Gereja Katolik Prancis telah bergolak dalam beberapa tahun akibat tuduhan terhadap para pastor predator yang muncul setelah adanya gerakan global oleh para korban untuk mengajukan bukti. Para pastor di negara-negara seperti Australia, Brasil, Chile, Irlandia, Amerika Serikat telah dikecam terkait skandal pelecehan seks anak-anak.

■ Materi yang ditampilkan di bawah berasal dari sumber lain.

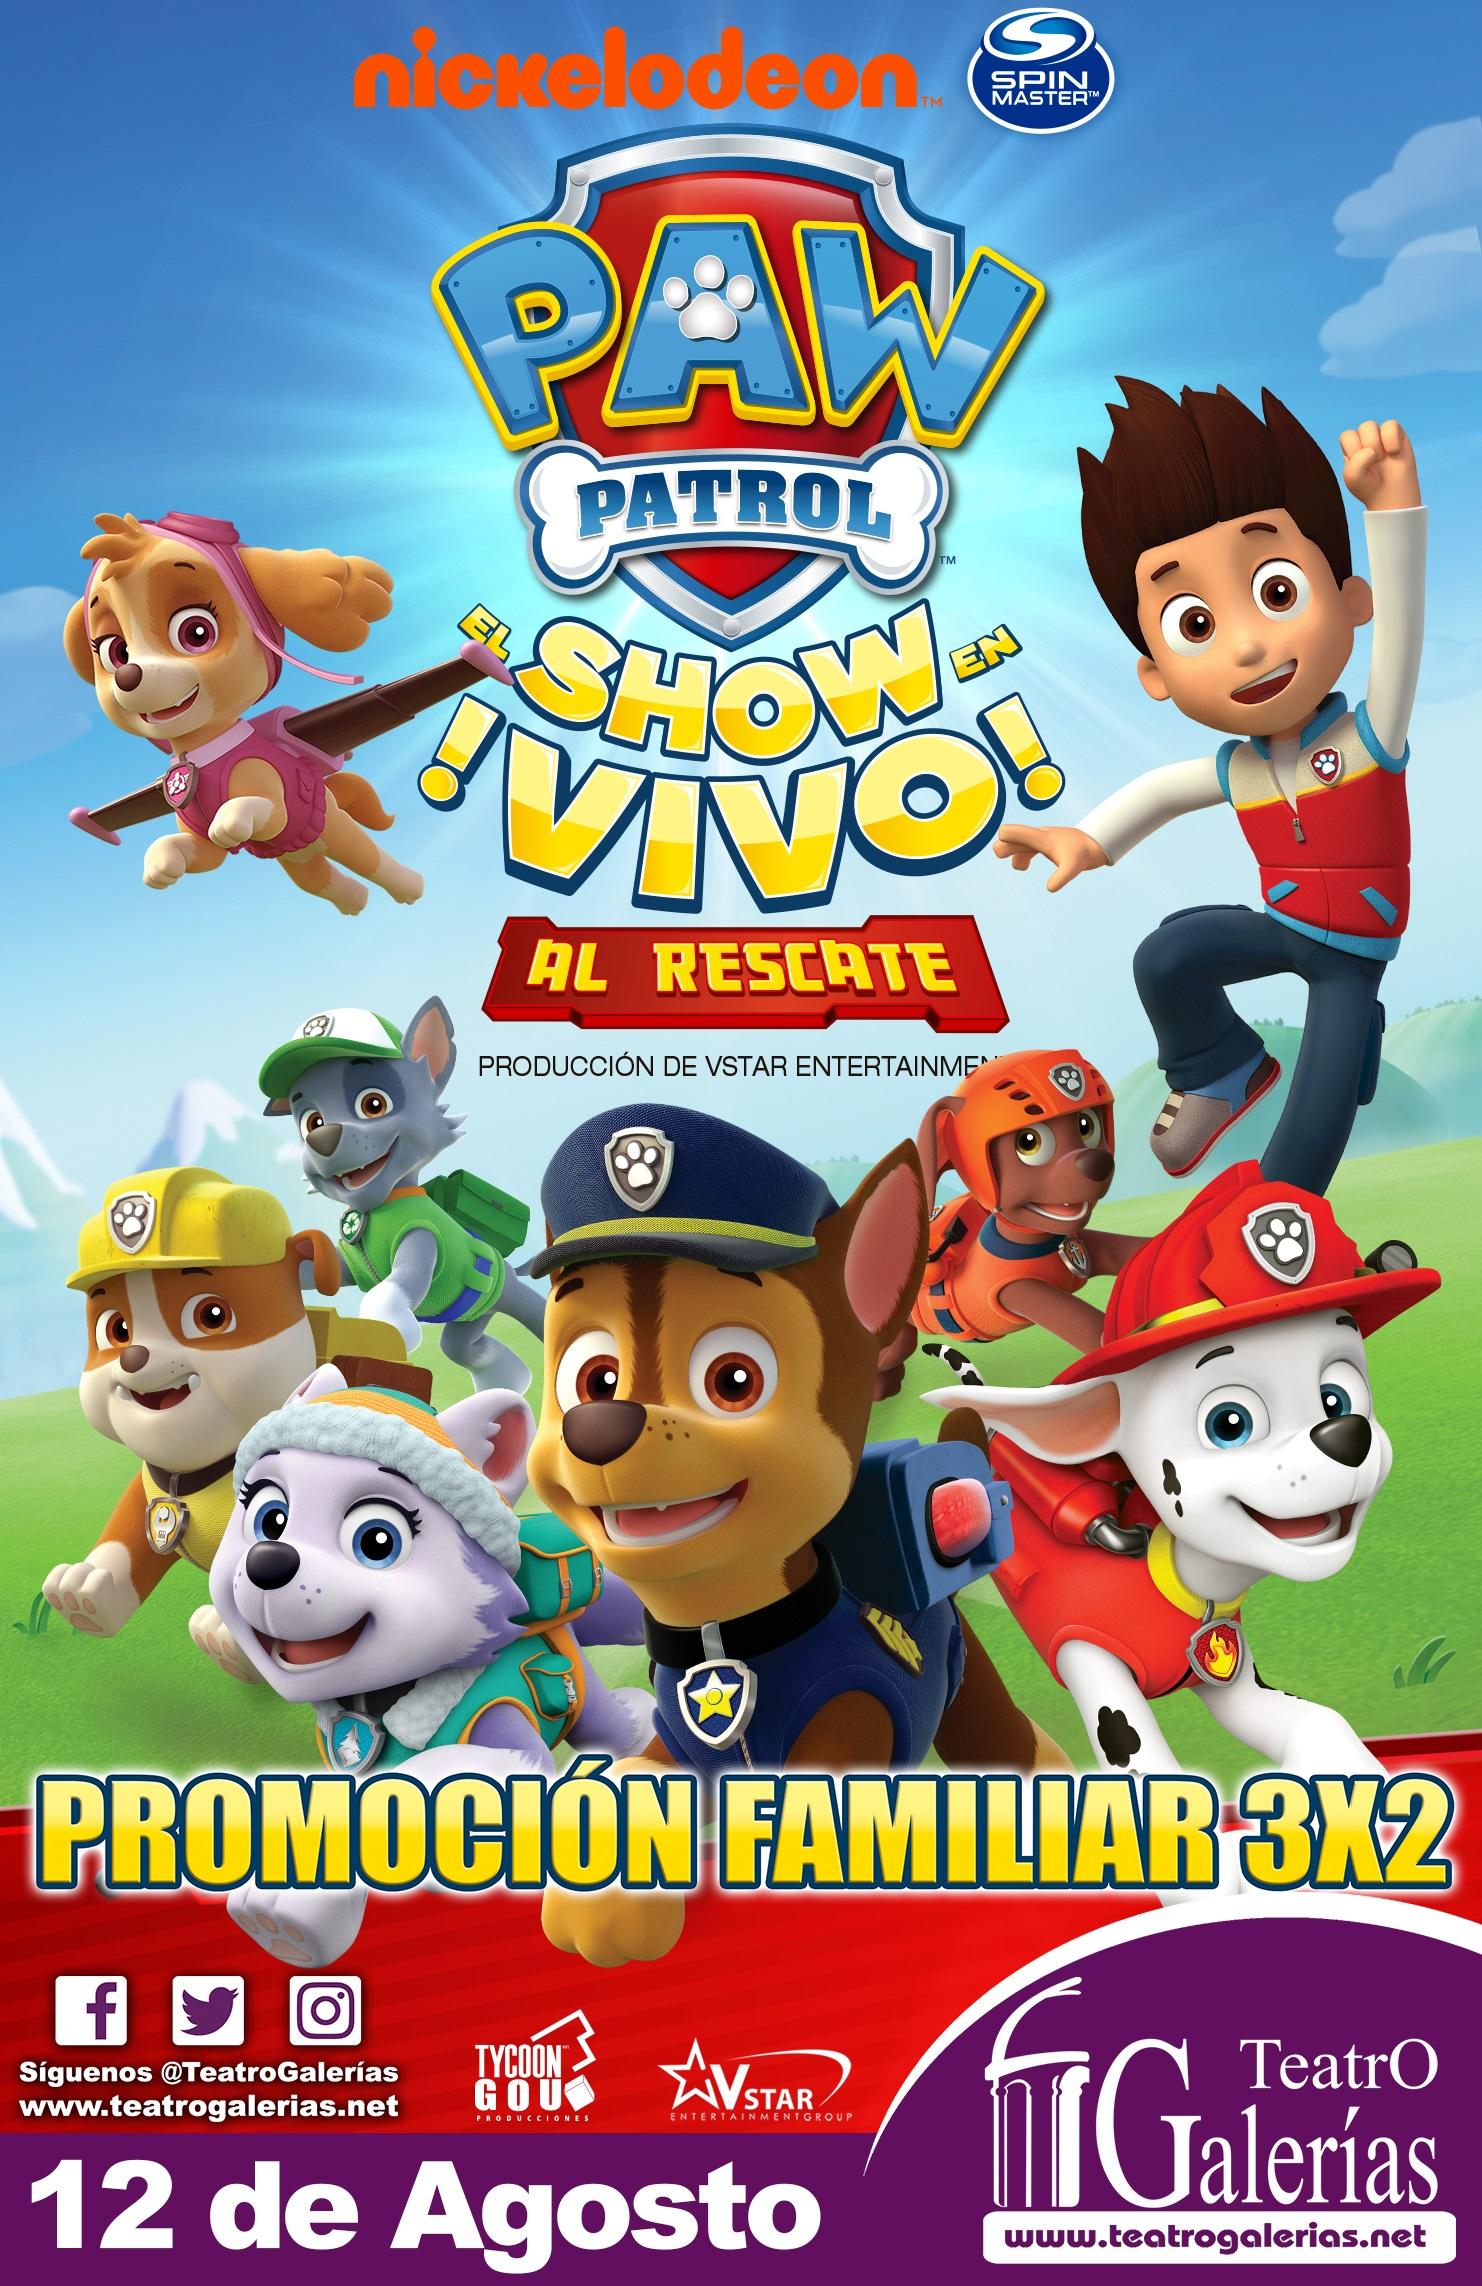 Paw Patrol / Teatro Galerías
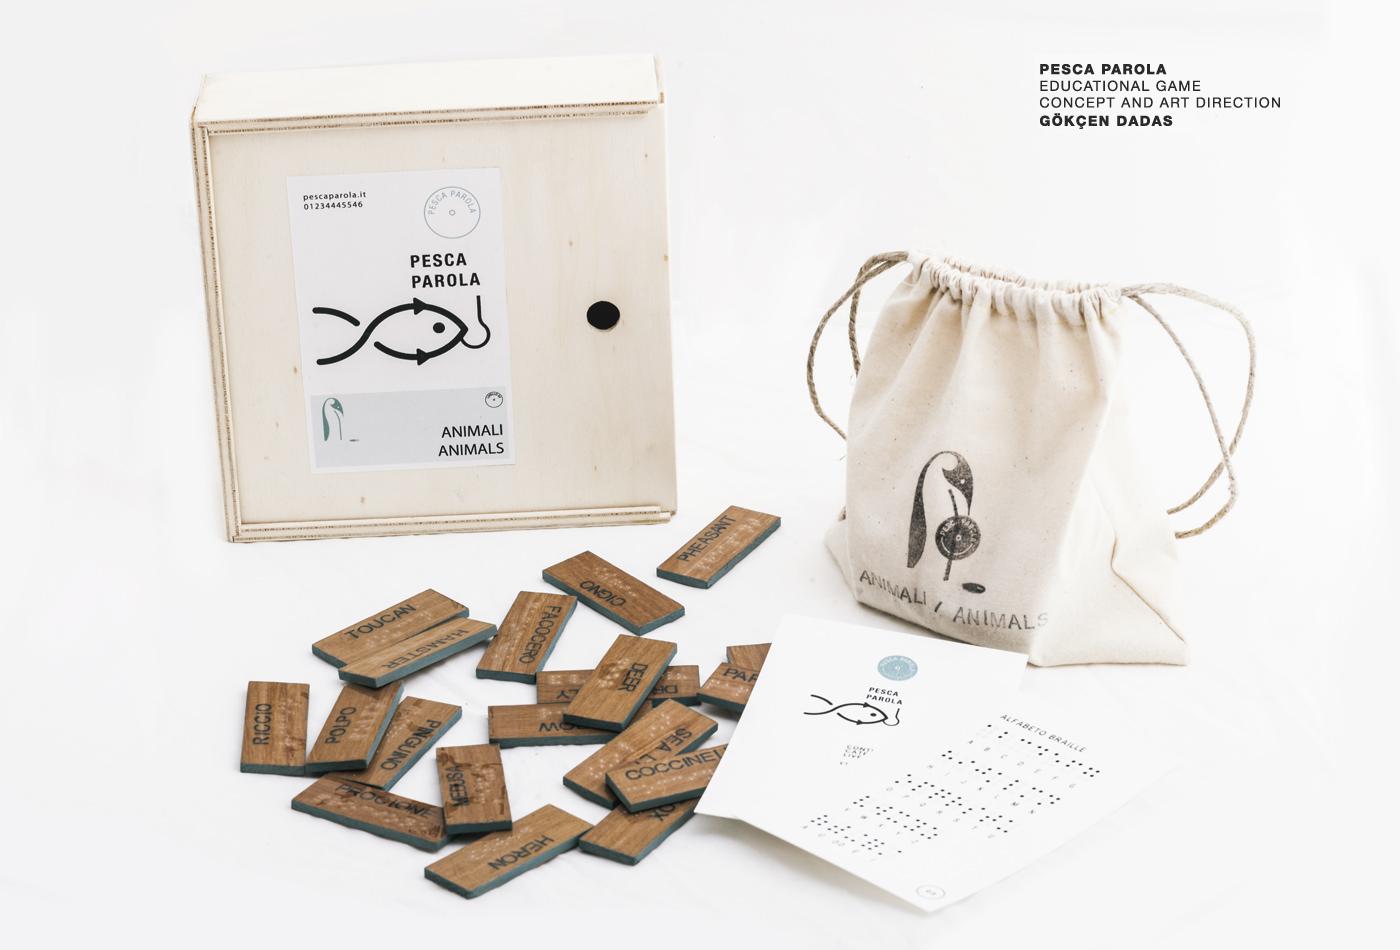 pesca-parola-educational-learn-education-woodtoys-block-vacaliebres-gokcen-dadas-

Skandal di Lyon pertama kali mencuat ke publik pada tahun 2015 ketika seorang pria mengungkap ke publik bahwa seorang pastor lokal, Bernard Preynat, telah melakukan pelecehan seks padanya sewaktu masih kanak-kanak, 25 tahun silam. Pria bernama Francois Devaux yang kemudian membentuk sebuah kelompok korban-korban, juga mengajukan komplain terhadap Barbarin, atasan Preynat, dengan menudingnya tahu mengenai skandal tersebut namun menutup-nutupinya.

Kelompok korban yang dibentuk Devaux, La Parole Liberee (Freed Speech), awalnya hanya terdiri dari segelintir orang. Namun tak lama kemudian kelompok itu menerima telepon dan kesaksian dari total 85 orang yang mengklaim telah menjadi korban Preynat di Lyon. (ita/ita)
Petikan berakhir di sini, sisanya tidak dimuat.